I should state at the outset that I have had the pleasure of appearing with David at various speeches and I like him a great deal. More importantly, I respect him greatly as a lawyer. Finally, he is doing his best to protect a client who has been devastated by hackers who some believe originate in North Korea (where the “Dear One” is royally ticked over a mocking movie based on his character).
The hack attack is the Wikileaks scandal of Hollywood. Stars are portrayed as spoiled brats and dysfunctional idiots while differences in pay are being bantered about by pundits. Boies has tried to stop the torrent of bad press with a letter sent to media “to ensure that you are aware that SPE does not consent to your possession, review copying, dissemination, publication, uploading, downloading or making any use of the stolen information, and to request your cooperation in destroying the stolen information.” He further warns that the publication of this material furthers “an on-going campaign explicitly seeking to prevent SPE from distributing a motion picture.” That suggests that media could be sued for not just using the material but aggravating the injury from this campaign. Boies states that his client “does not consent to your possession, review, copying, dissemination, publication, uploading, downloading, or making any use of the stolen information.” In case there is any confusion, Boies warns that “If you do not comply with this request, and the stolen information is used or disseminated by you in any manner, Sony Pictures Entertainment will have no choice but to hold you responsible for any damage or loss arising from such use or dissemination by you.”

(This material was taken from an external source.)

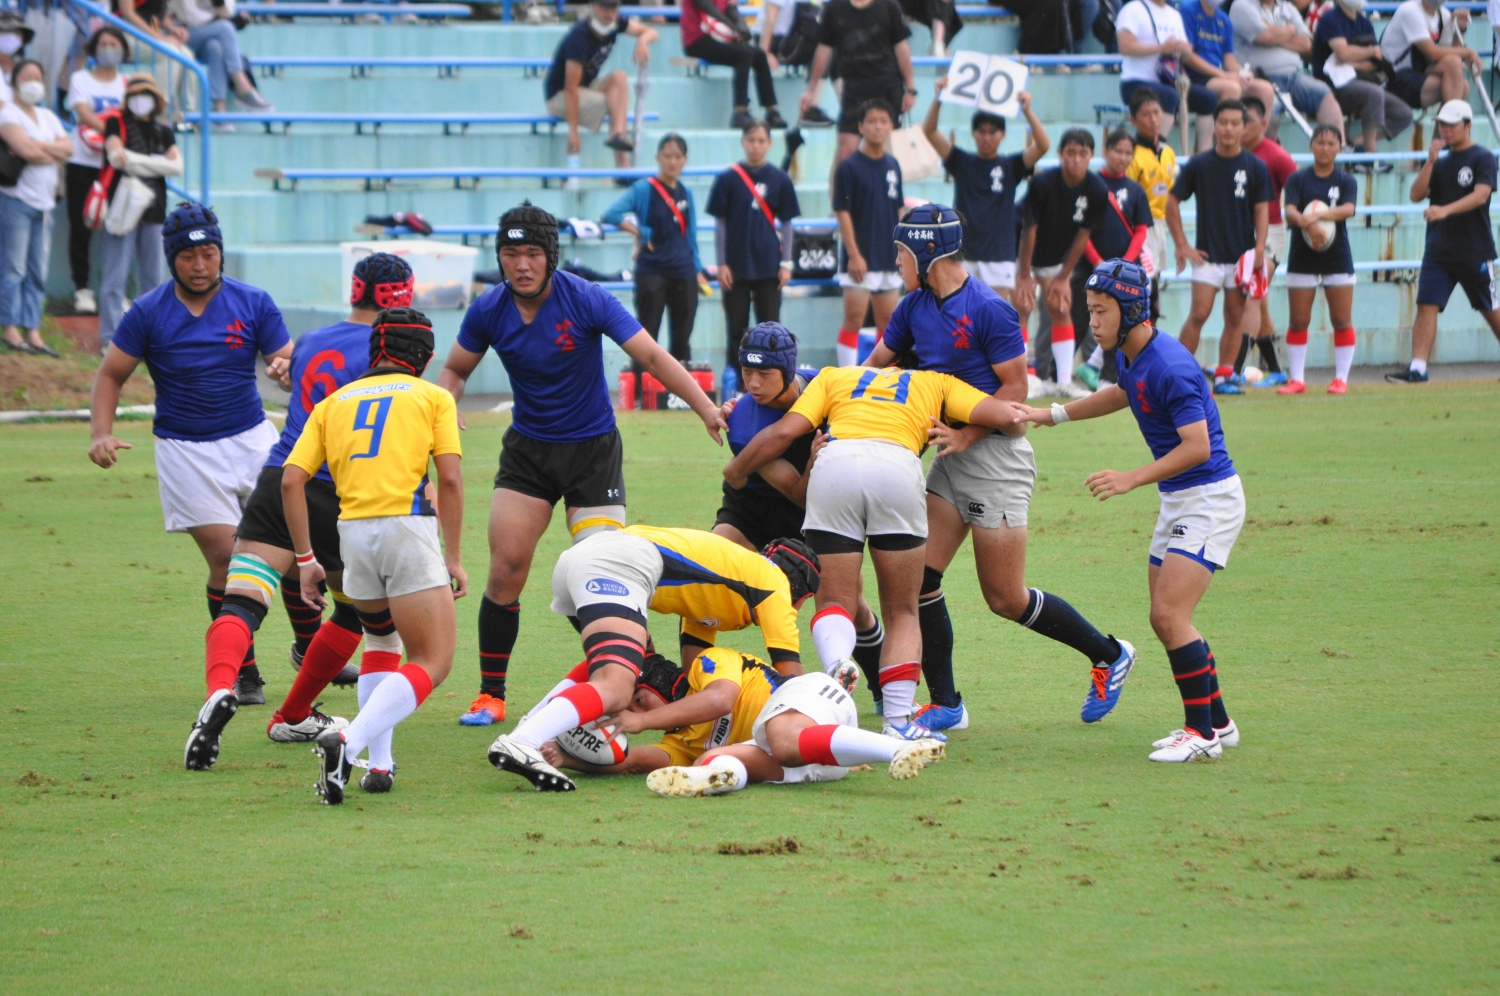 http://kokura-rugby.sakura.ne.jp/DSC_0856_xlarge.JPG

Everyone from the New York Times to the Hollywood Reporter have received the letter.
Since the media were not involved in the hacking (for which people can be legitimately sued as well as prosecuted), the First Amendment protects the use of this information in my view as a matter of public interest. In 2001, the Court ruled 6-3 in Bartnicki v. Vopper, that a radio broadcaster that aired an illegally recorded cellphone conversation between a teachers’ union president and a top union negotiator was not liable given the protections of the First Amendment. Former Justice John Paul Stevens wrote that “A stranger’s illegal conduct does not suffice to remove the First Amendment shield from speech about a matter of public concern.”
Another case should be familiar to Christopher Dodd, who has been working to control the damage of the hack as Chairman and CEO of the Motion Picture Association of America. His father, Senator Thomas Dodd, sued two investigative reporters, Drew Pearson and Jack Anderson, over their use of leaked documents that ex-staffers took from his Senate office. In Pearson v. Dodd, the
The court ruled against Dodd’s dad:
Here we have separately considered the nature of appellants’ publications concerning appellee, and have found that the matter published was of obvious public interest. The publication was not itself an invasion of privacy. Since we have also concluded that appellants’ role in obtaining the information did not make them liable to appellee for intrusion, their subsequent publication, itself no invasion of privacy, cannot reach back to render that role tortious.
This is not to say that a credible argument cannot be made. Indeed, there are a few troubling cases of prior restraint, including one this year. However, those district court judges who have ignored constitutional protections and imposed prior restraints have often been reversed. This was the case in the clearly improper prior restraint imposed against Business Week magazine in publishing documents that were placed under seal in Procter & Gamble Co. v. Bankers Trust Co. The Sixth Circuit reversed, 78 F.3d 219 (6th Cir. 1996) and stressed that prohibiting the publication of a news story is “the essence of censorship.” The court ruled:
This appeal raises the issue of whether the bedrock First Amendment principle that the press shall not be subjected to prior restraints can be set aside when a federal court perceives a threat to the secrecy of material placed under seal by stipulation of the parties. We are guided by the holding of the First Circuit in In the Matter of Providence Journal Company that even a temporary restraint on pure speech is improper “absent the most compelling circumstances.” 820 F.2d 1342, 1351, modified on reh’g by 820 F.2d 1354 (1st Cir. 1986), cert. granted and dismissed on other grounds .
Those compelling circumstances are extremely rare and pretty dire. It is not really the type of thing that arises when Angelina Jolie is called a “minimally talented spoiled brat.”
In other words, the letter falls short of a serious threat against the media. I would however love to see Boies sue the “Dear One.” That would make for not just a great case but an even greater movie. Could The Lawsuit be a sequel to The Interview?